Re: The feeling I'm most guilty about
Posted: September 11th, 2011, 7:23 pm
by julie007
I know you can think "if those people can do it, so can I," but how do you do it? Maybe that's sort of an unanswerable question, but it's where I feel I am. I think I kind of mentioned that in my original post. "If they can do it, so can I" is a great way to look at things, but how do you get yourself in that mindset? For me it keeps turning into "Well, if I can because they can, why haven't I?"

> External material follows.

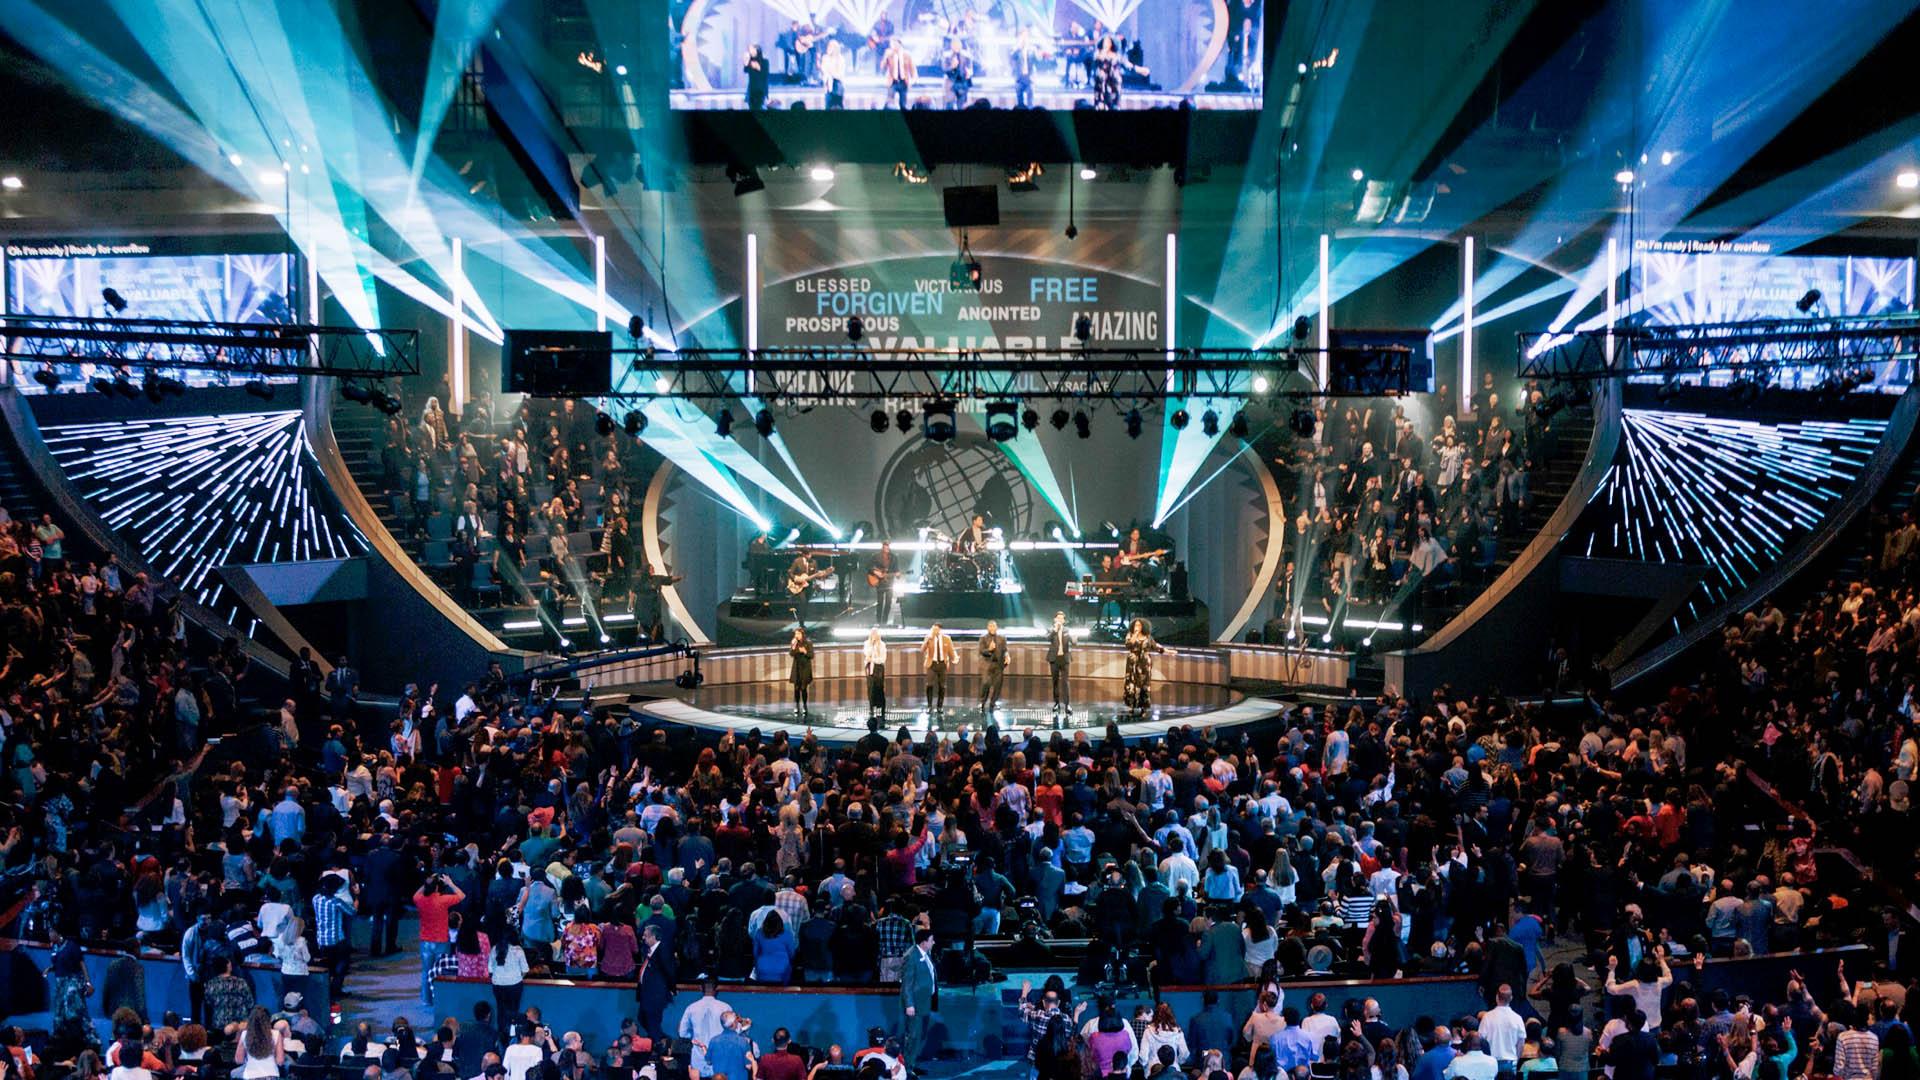 Zeitgenössische Musik, lebensnahe Predigten, unterhaltsame Gottesdienste – Megakirchen orientieren sich an den Bedürfnissen moderner Kunden

I ask myself if I have absolute proof I can't do it. Do I know absolutely for sure I'm permanently screwed and it will never happen for me? No I can't prove that. So I have to admit there is a possibility. Maybe my pessimistic jaded outlook on my love life is not the complete picture. I could possibly be wrong. It wouldn't be the first time. And my life isn't over yet. Life is anything but predictable. These thoughts help me pry the door open to let a little glimmer of light into my dark negative defeated thinking. Hope this helps.
Also I think I'm alone because even tho I say I don't like it, unconsciously I've still preferred it to the terror of being vulnerable. But the loneliness is finally getting unbearable and I am forced to face my fear. So unbearable loneliness is a backhanded blessing in disguise.